La communauté aurait également bénéficier de ce projet d’après lui. « Les commentaires des gens qui étaient écrits sur Facebook, c’était une façon pour les gens aussi d’évacuer leur peine. Pour les parents qui ont des enfants et ceux d’Amy, puis pour les amis d’Ariane et d’Amy. Ça n’a pas été facile et
ça ne sera pas facile pour longtemps », lâche-t-il.
Décortiquer ses émotions
Le studio d’Yvon Rioux fonctionne de façon particulière. Ce sont les travailleurs sociaux qui emmène des enfants ayant des troubles de toutes sortes au studio. Puis, Yvon travaille avec chacun d’eux afin de mettre des mots sur les émotions qu’ils ressentent. Le but est de trouver la source des difficultés vécues par les jeunes.

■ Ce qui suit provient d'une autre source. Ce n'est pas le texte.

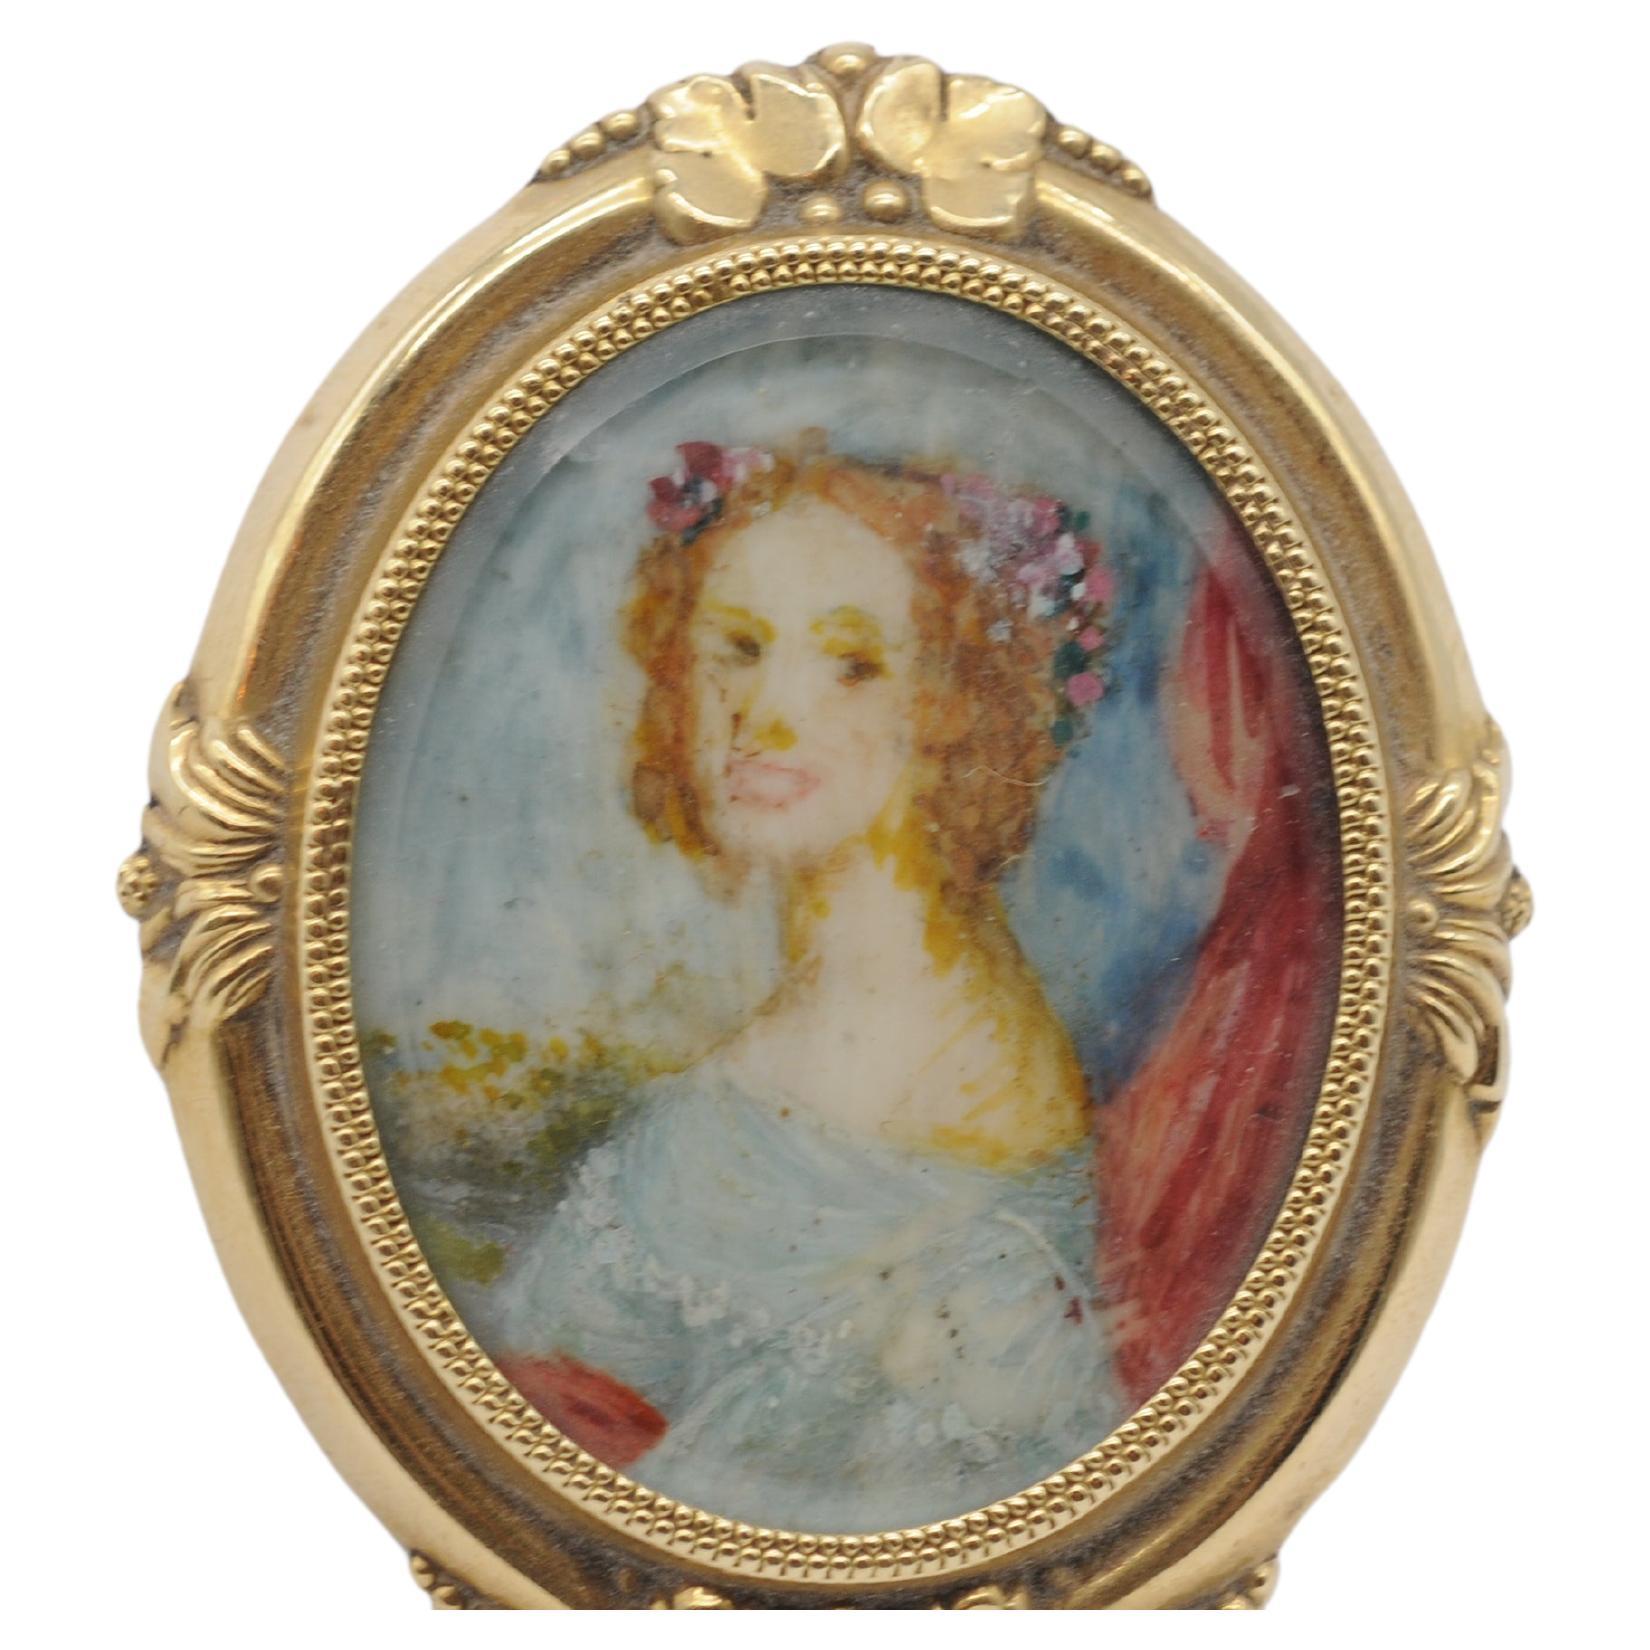 Biedermeir brooch 14k gold with a view of a woman For Sale 3

« Je pointe des mots et il y a toujours un mot qui vient chercher le jeune. À partir du moment où on a pointé un mot, on commence à travailler et là tranquillement, ensemble, on s’ouvre », explique le propriétaire du studio.
La musique, thérapeutique ?
Bien qu’il spécifie ne pas être psychiatre, Yvon Rioux croit fermement en le pouvoir de la musique et de la chanson. « En fait, la chanson sert de support à être capable de pouvoir faire éclater ce qui est pogné ici, dans la gorge. Je pense que la chanson, surtout quand on en fait partie, comme le cas de la petite Ariane, qui travaille dessus parce qu’elle aime la musique, c’est certain qu’il y a des bénéfices. Je suis convaincu de ça et il n’y a personne qui pourrait me faire croire au contraire. »
Pour lui, l’écriture même est une forme de délivrance. « C’est un peu spécial parce que quand t’es triste et que tu écris, même si ce n’est pas structuré, ça fait tellement de bien d’écrire une phrase ! De dire : ‘’ Là, aujourd’hui, j’en ai plein le pompon, j’en ai plein l’assiette, je suis à boute. ‘’ Juste d’écrire ça sur une feuille, ça fait du bien. Alors tu imagines quand on met de la musique sur des mots, que tu étales ta sensibilité sur des lignes mélodiques ! »
Des projets comme celui d’Ariane, ce sont ce qui motivent Yvon Rioux à poursuivre son travail auprès des jeunes. « Ariane m’avait réécrit pour me dire qu’au mois de mai, à l’école, elle voudrait refaire la chanson, mais avec le prof de musique et monter une sorte de petite chorale. » Elle lui avait donc demandé l’autorisation de réaliser ce projet en même temps de lui demander un coup de main pour le faire.
« Alors, j’ai dit oui, Ariane, tu peux compter sur moi. Je vais participer à ça, parce que ça fait du bien de prendre soin des autres. »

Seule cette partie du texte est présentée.